Tuesday, January 11, 2011

Whisky review: The Macallan 15 Year Fine Oak

The Macallan is known for being a producer of heavily-sherried whiskies. However, in 2004, The Macallan introduced the Fine Oak series of single malts, which are aged in a combination of ex-bourbon casks as well as ex-sherry casks made of American oak and European oak, for what they call "triple cask maturation."

In reality, it was likely a move to get away from purely sherry cask matured whiskies, as sherry casks cost about ten times what bourbon casks cost. By maturing some of their product in bourbon casks, they could cut costs and still sell a premium whisky.

The Macallan 15 Year Fine Oak, 43% ABV
Single malt Scotch whisky (Speyside)

Orange-tan-gold-yellow, pretty much just like the last several whiskies I've reviewed. I wonder if my eyes are going.

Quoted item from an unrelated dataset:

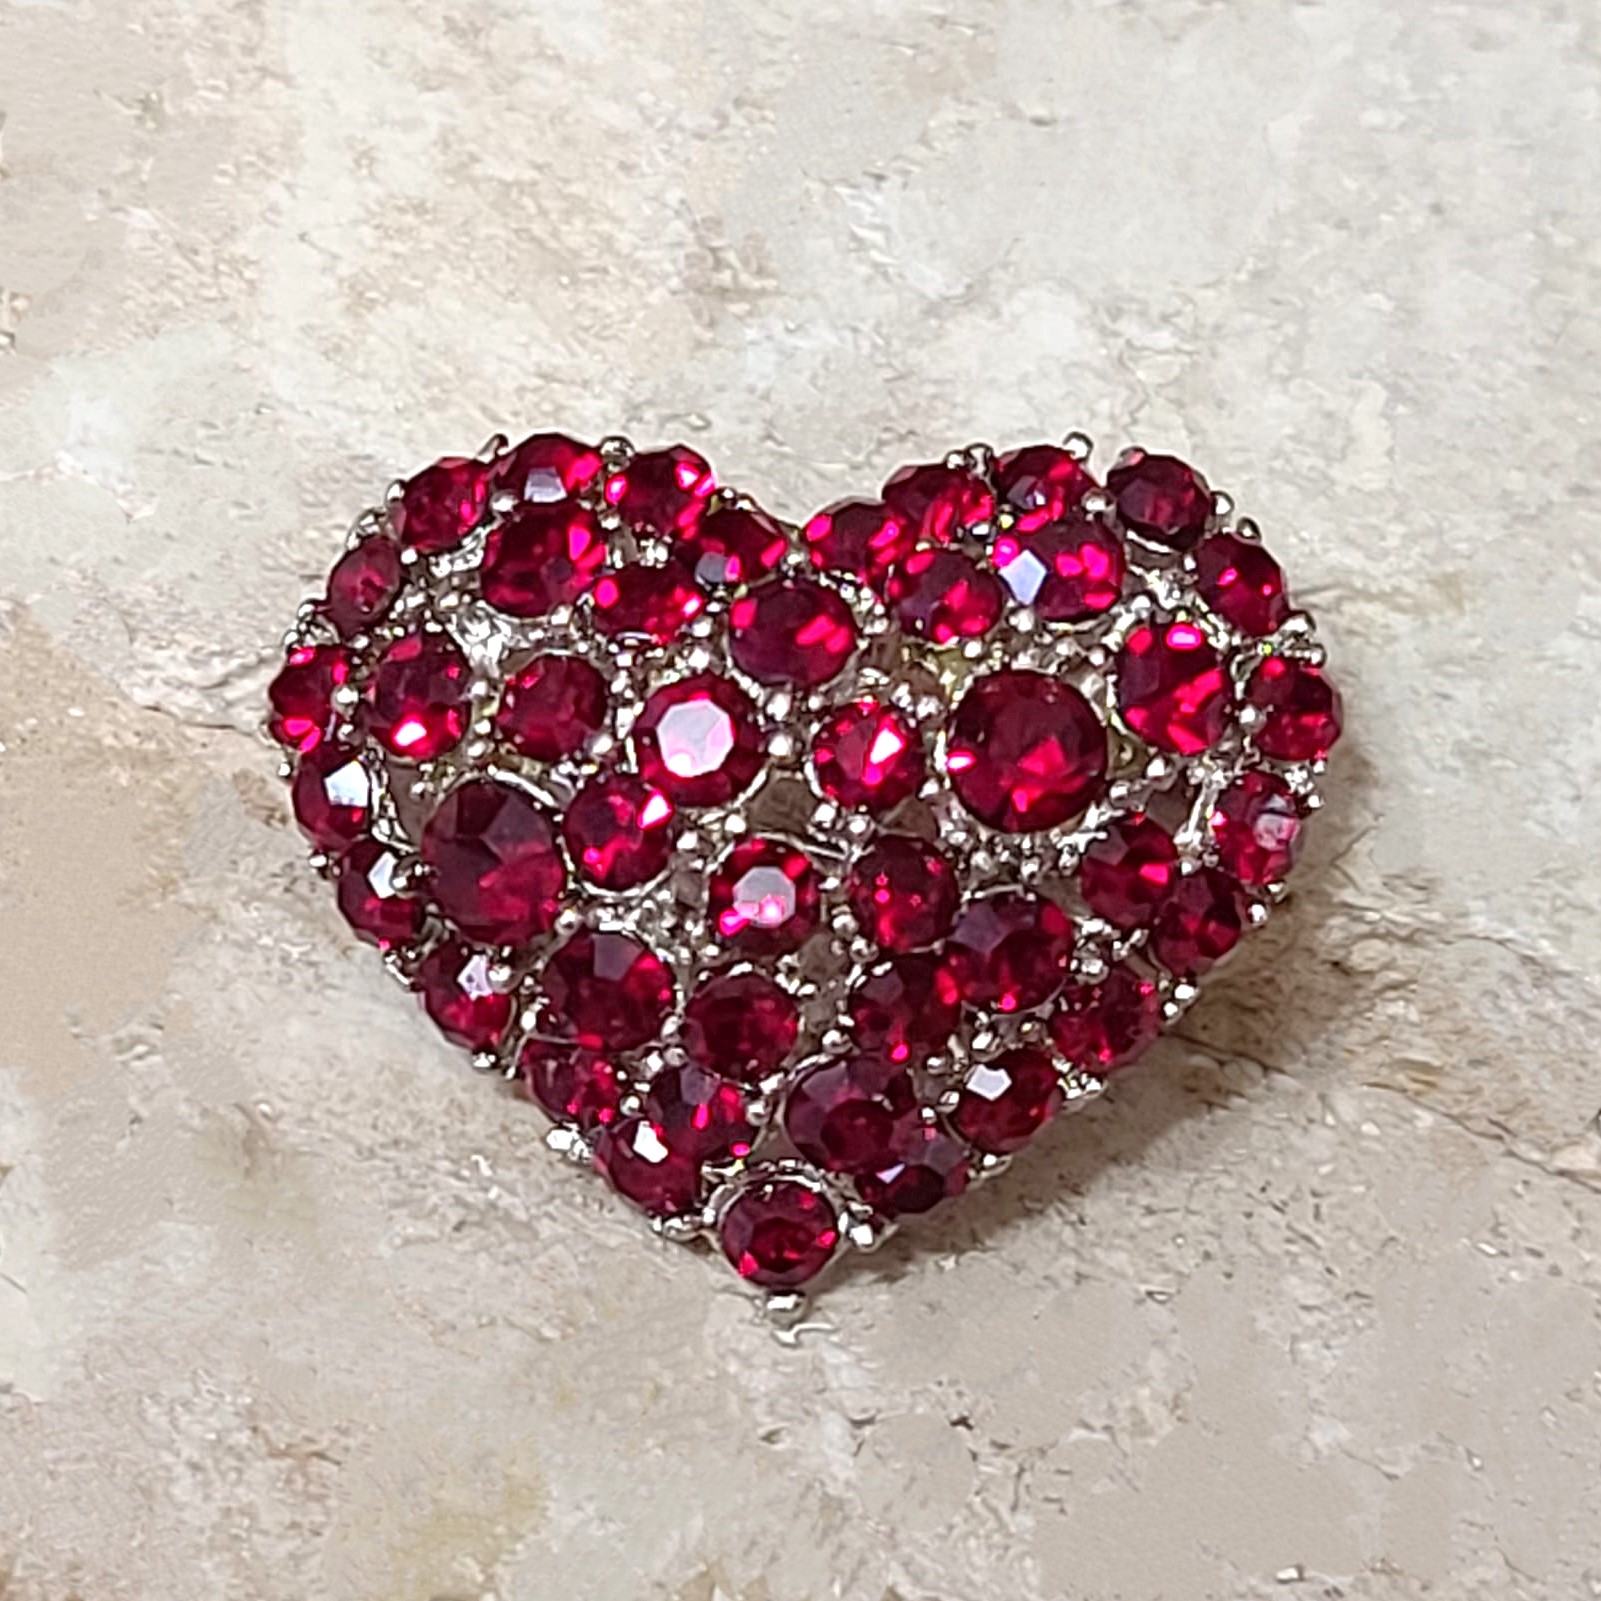 Heart brooch, red rhinestone pave style setting heart
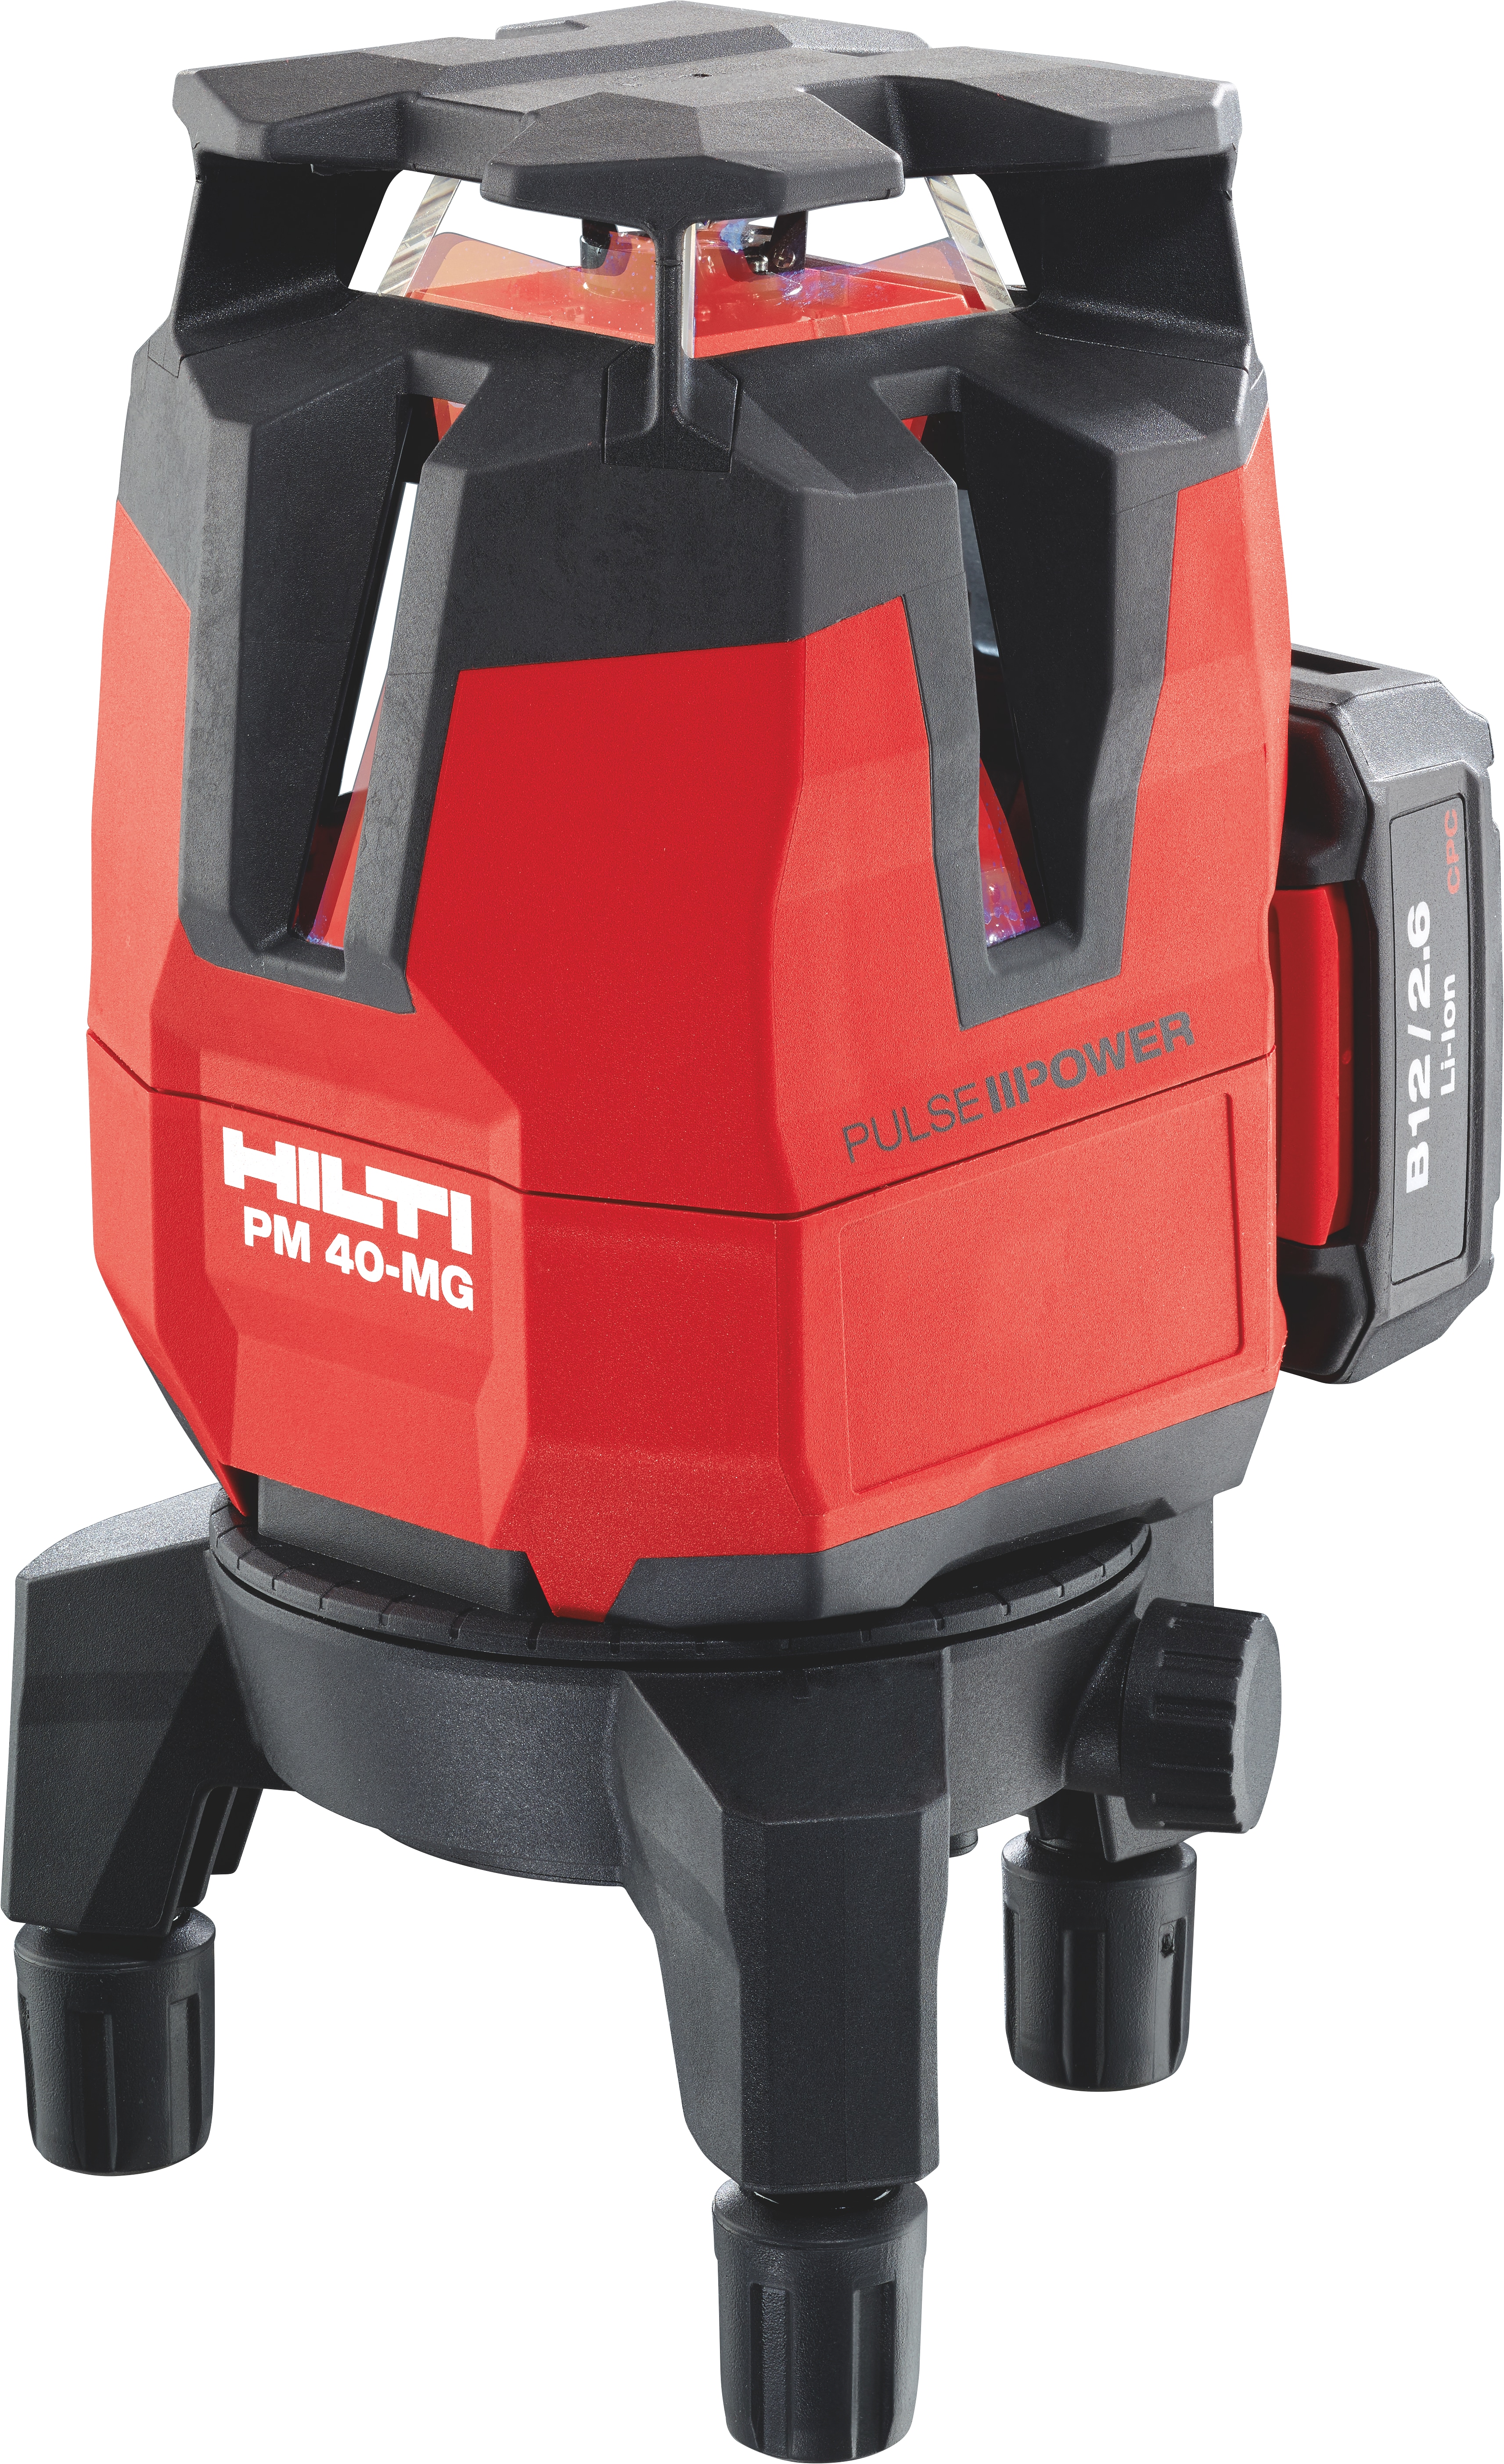 Hilti PM 40-MG multi-line laser package  in a tool case

Nose: Wow, quite a good one. I've had it several times before but never noticed the complexity and intricacy of this nose. Toasted wood with some citrus and floral aromas, with sherry and some chocolate thrown in. Very full.

Palate: Malt, vanilla, lots of fruits. Some peppery notes develop.

Finish: Lingering light wood. About a minute after swallowing, it tastes like I just licked a lumberyard.

Rating (of 100): 85. The nose is great and the palate has grown on me, but the aftertaste is not really to my liking. I try to lick lumberyards sparingly.